▸ SOURCE INFORMATION
..........

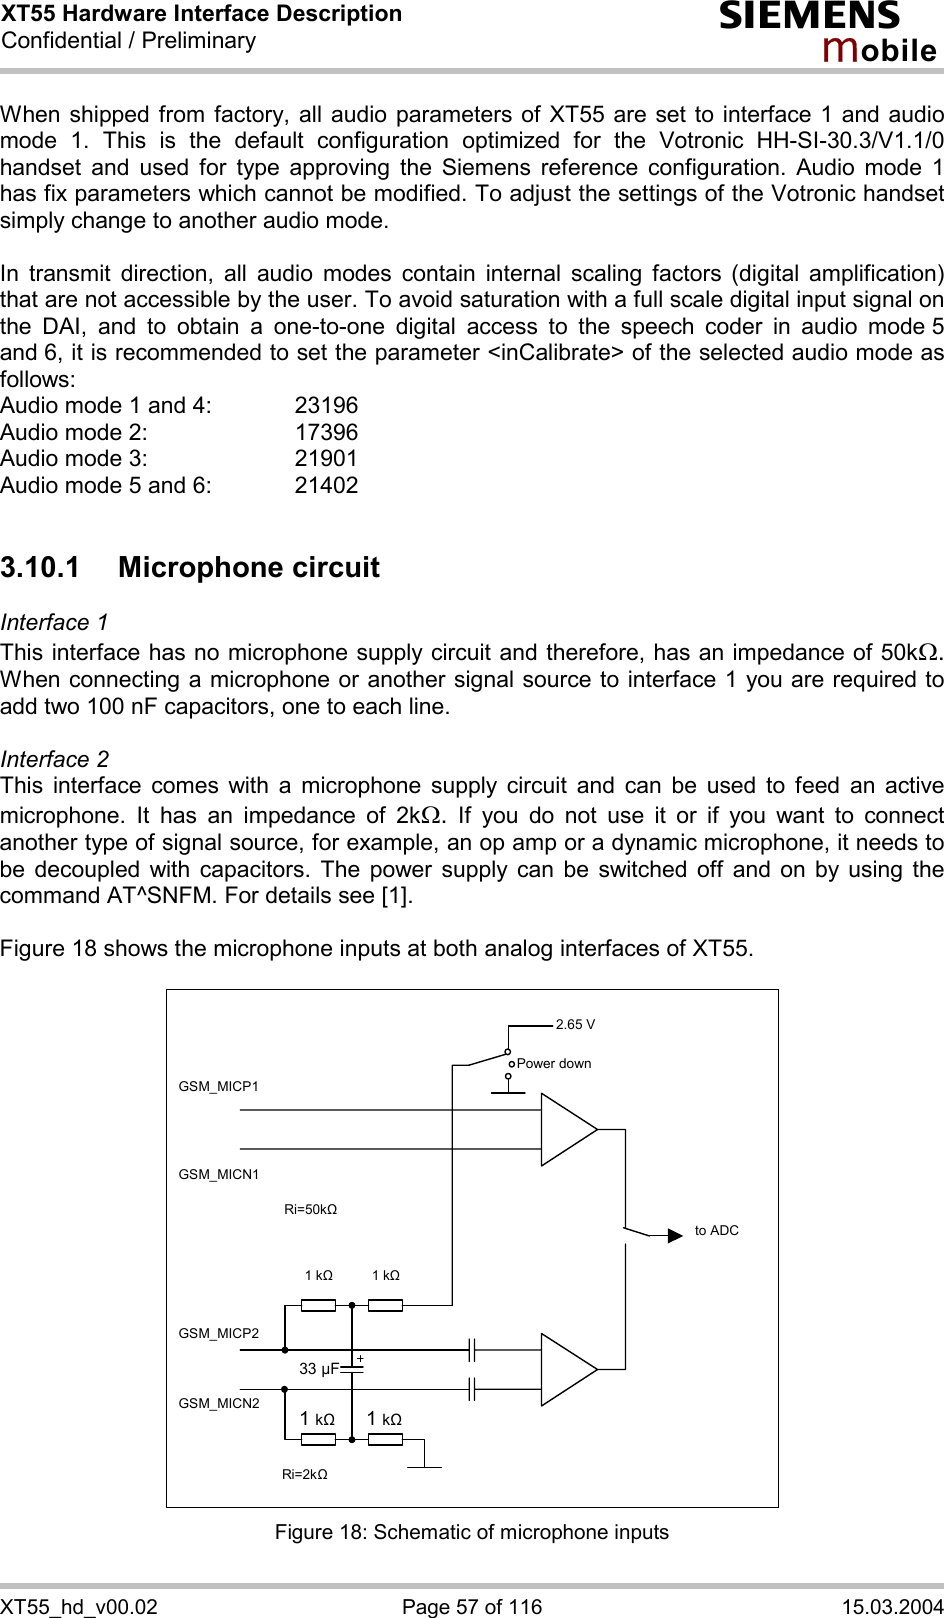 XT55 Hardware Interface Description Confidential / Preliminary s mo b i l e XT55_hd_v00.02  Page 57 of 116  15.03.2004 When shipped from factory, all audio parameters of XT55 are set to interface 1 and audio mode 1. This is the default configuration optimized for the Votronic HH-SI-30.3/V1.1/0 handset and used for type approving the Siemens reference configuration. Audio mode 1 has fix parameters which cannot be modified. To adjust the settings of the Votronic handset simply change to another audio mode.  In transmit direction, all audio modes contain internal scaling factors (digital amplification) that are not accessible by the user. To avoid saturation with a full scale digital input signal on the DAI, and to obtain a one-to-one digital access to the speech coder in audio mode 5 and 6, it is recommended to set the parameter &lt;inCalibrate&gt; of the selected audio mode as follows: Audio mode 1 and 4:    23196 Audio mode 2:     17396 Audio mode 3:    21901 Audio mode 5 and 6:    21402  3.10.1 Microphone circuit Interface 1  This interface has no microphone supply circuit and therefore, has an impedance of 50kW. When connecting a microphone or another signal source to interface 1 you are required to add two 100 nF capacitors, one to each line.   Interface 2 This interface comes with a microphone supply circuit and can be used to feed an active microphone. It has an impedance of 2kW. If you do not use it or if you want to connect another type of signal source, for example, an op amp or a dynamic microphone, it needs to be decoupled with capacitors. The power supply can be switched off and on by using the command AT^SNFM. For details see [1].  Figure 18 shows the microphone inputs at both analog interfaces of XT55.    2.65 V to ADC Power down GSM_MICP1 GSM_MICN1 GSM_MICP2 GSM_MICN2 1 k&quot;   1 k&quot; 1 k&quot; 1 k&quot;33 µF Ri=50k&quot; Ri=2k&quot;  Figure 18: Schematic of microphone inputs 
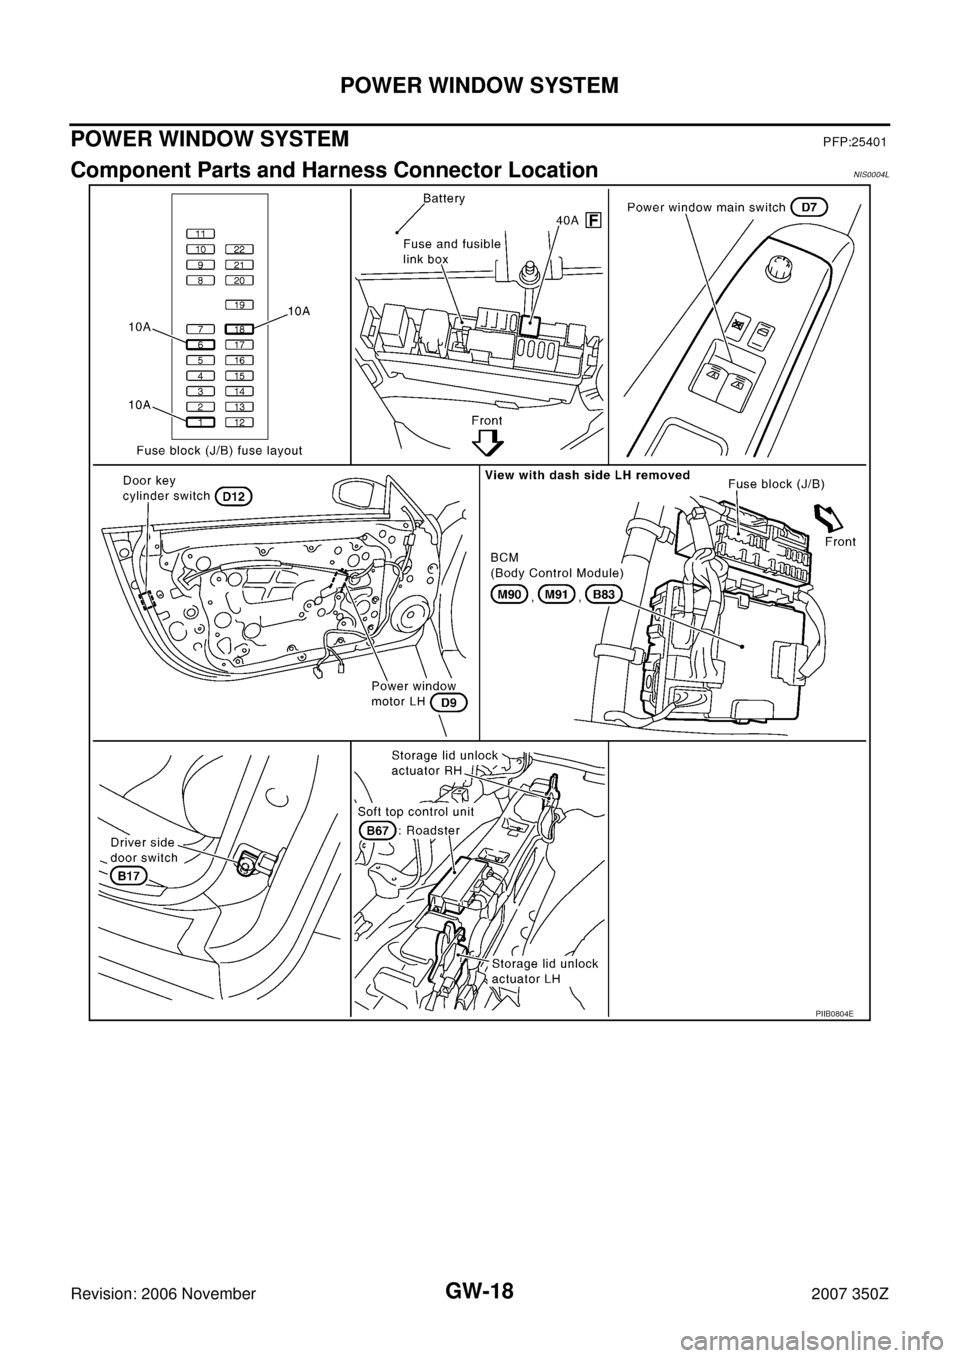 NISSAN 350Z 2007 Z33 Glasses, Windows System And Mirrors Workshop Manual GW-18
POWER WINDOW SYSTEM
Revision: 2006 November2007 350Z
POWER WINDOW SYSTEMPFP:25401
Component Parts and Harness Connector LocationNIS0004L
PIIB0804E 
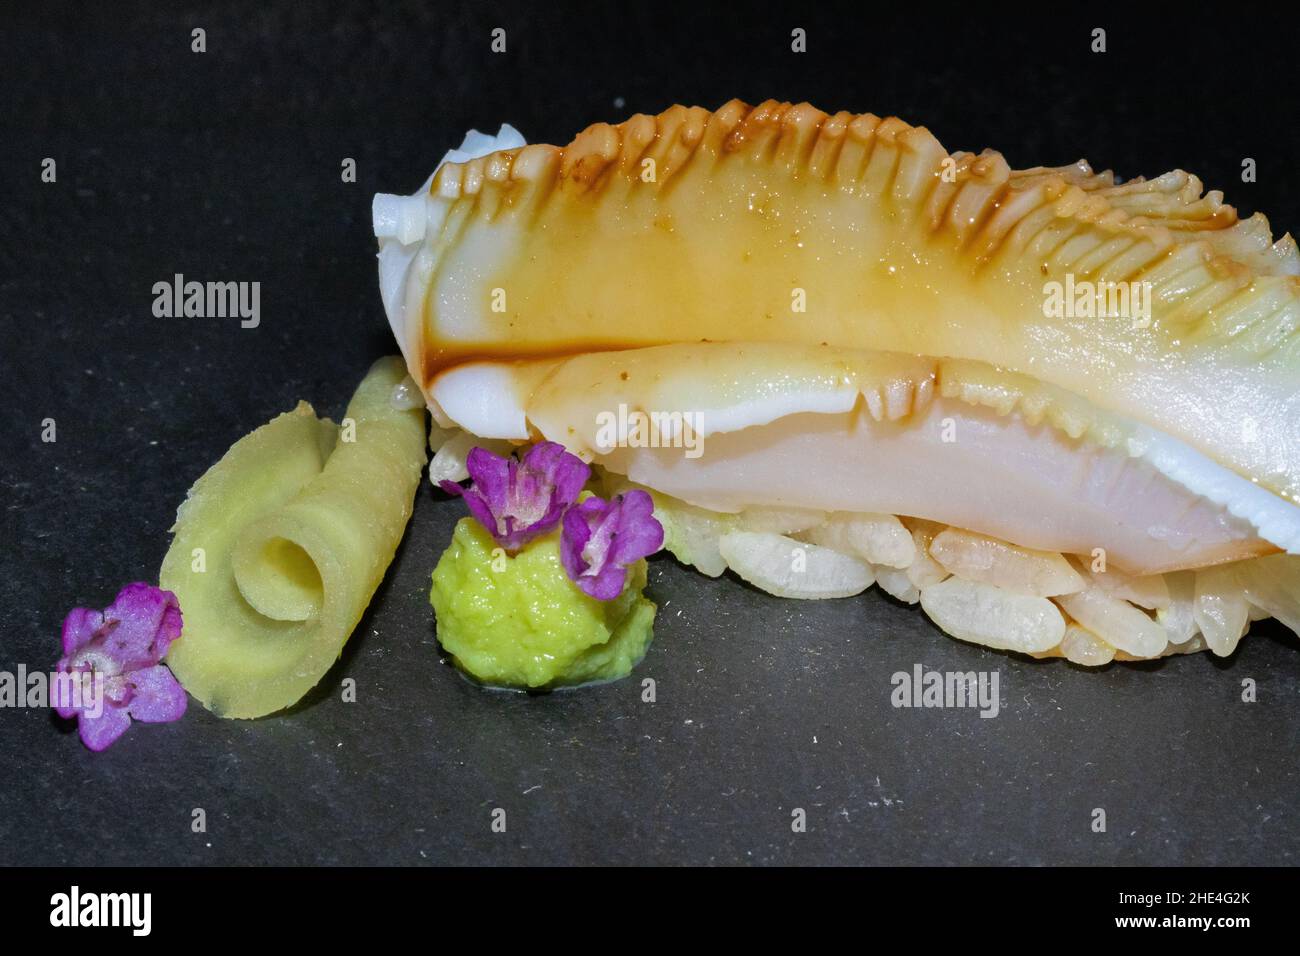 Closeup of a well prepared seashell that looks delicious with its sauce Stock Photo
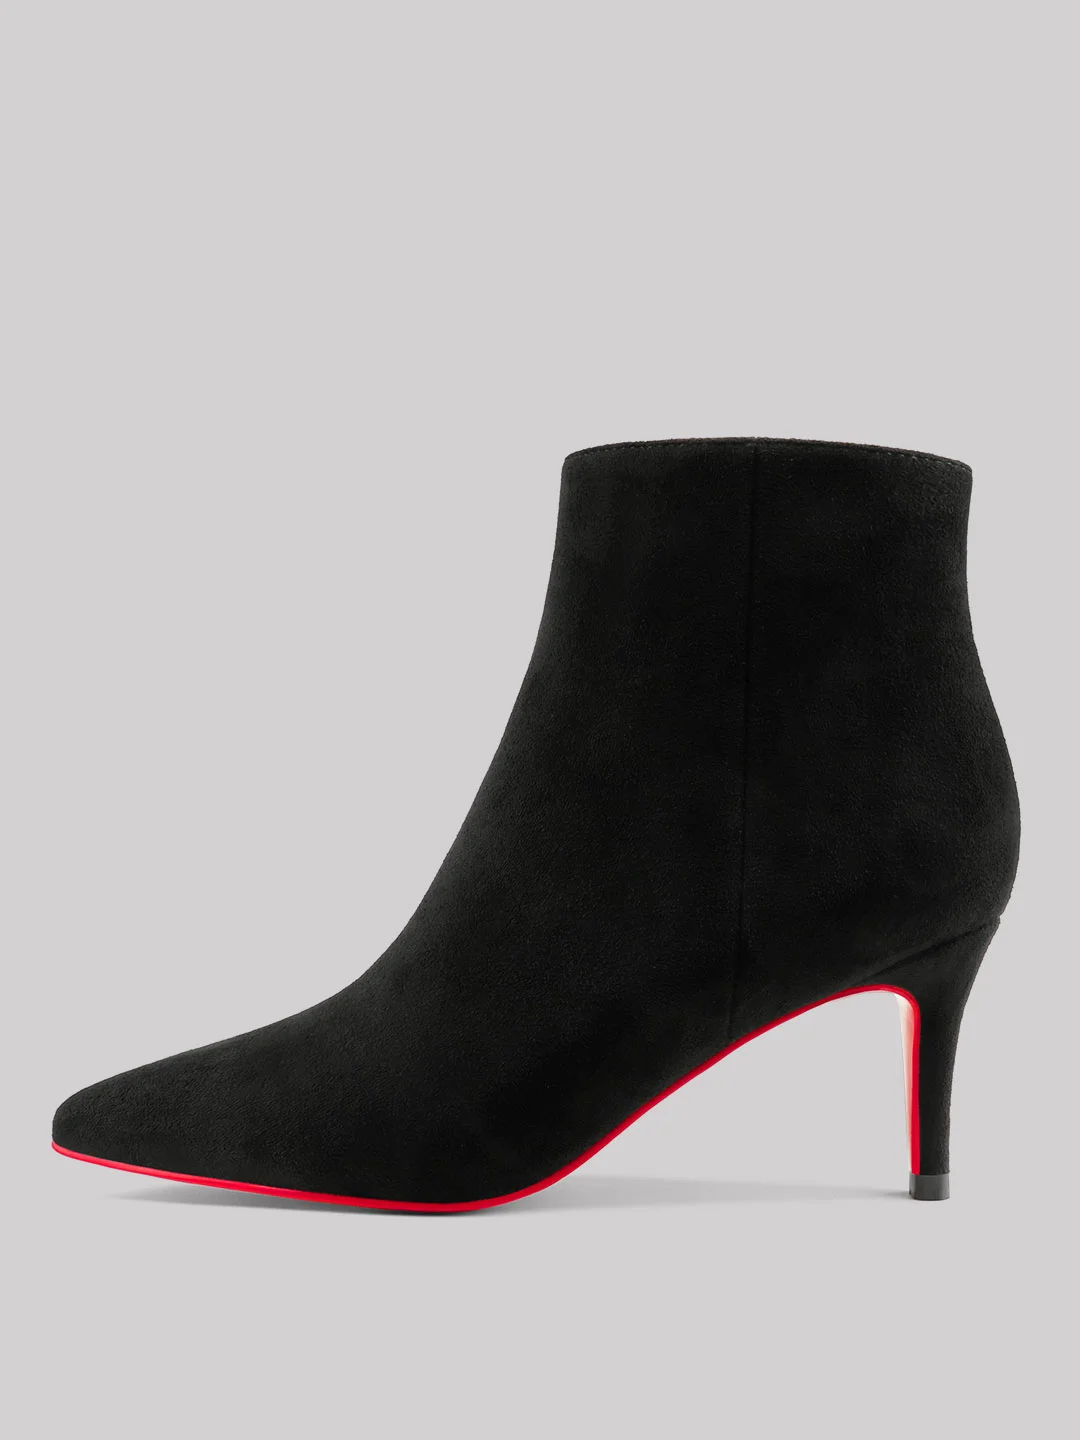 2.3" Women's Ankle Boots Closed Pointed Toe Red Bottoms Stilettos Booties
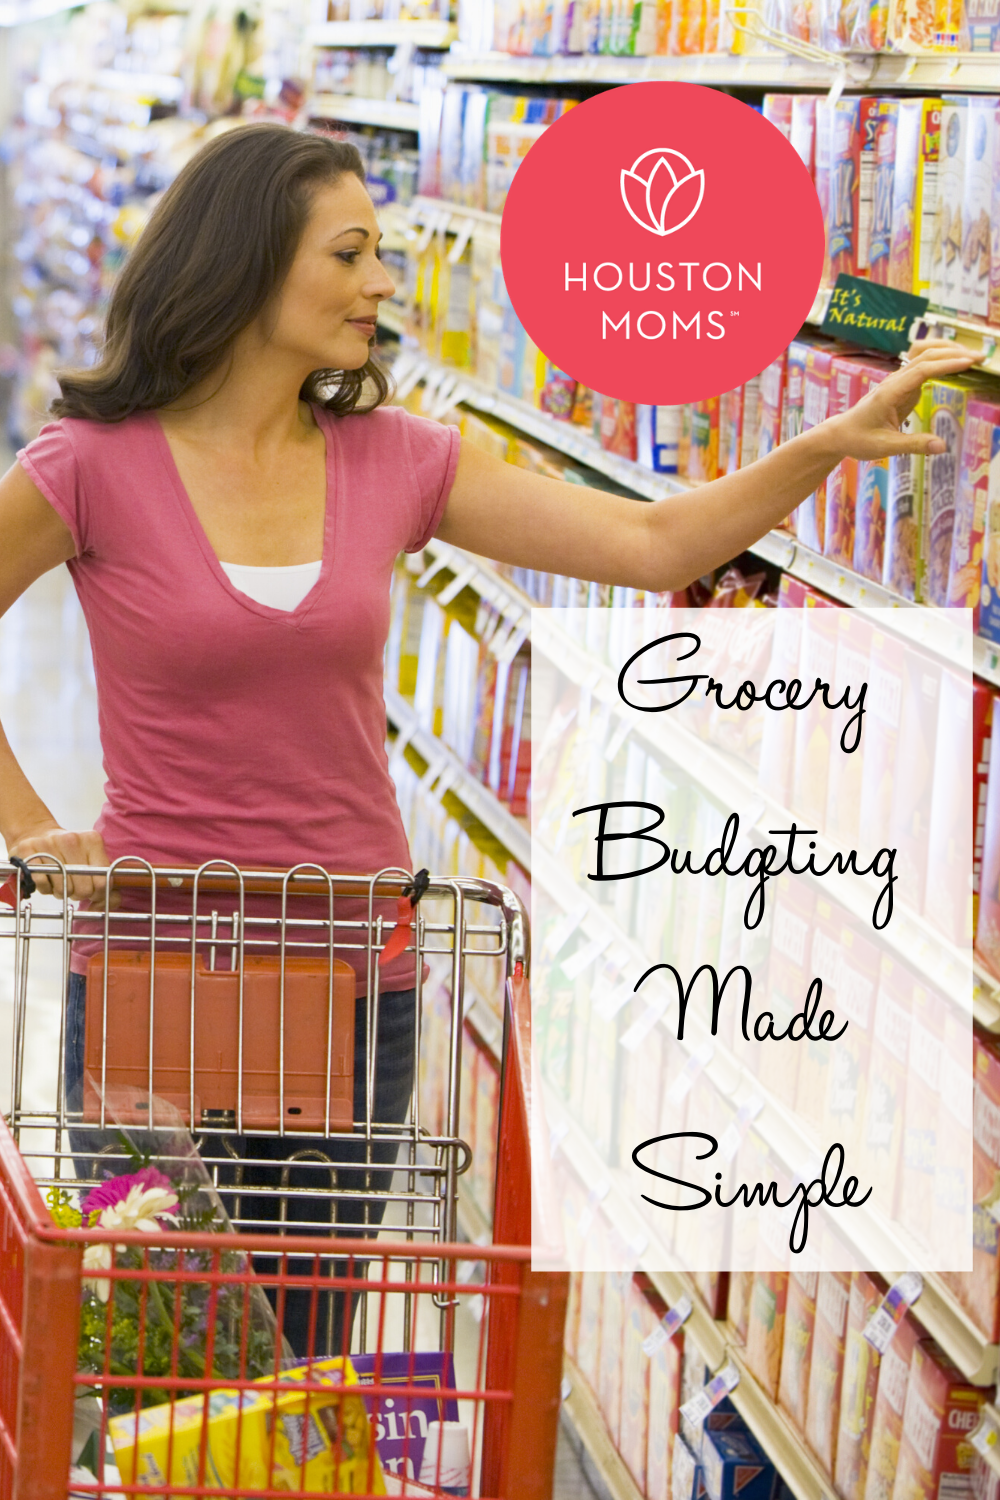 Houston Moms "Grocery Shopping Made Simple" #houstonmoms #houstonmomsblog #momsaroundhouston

..........

▸ TASK STATEMENT
The expected output is exactly the lines from the one containing "Bottoms Stilettos Booties" through the last line of the listing, both included, with every picture left out.

▸ ANSWER FOR THIS EXERCISE
 2.3" Women's Ankle Boots Closed Pointed Toe Red Bottoms Stilettos Booties
 Houston Moms "Grocery Shopping Made Simple" #houstonmoms #houstonmomsblog #momsaroundhouston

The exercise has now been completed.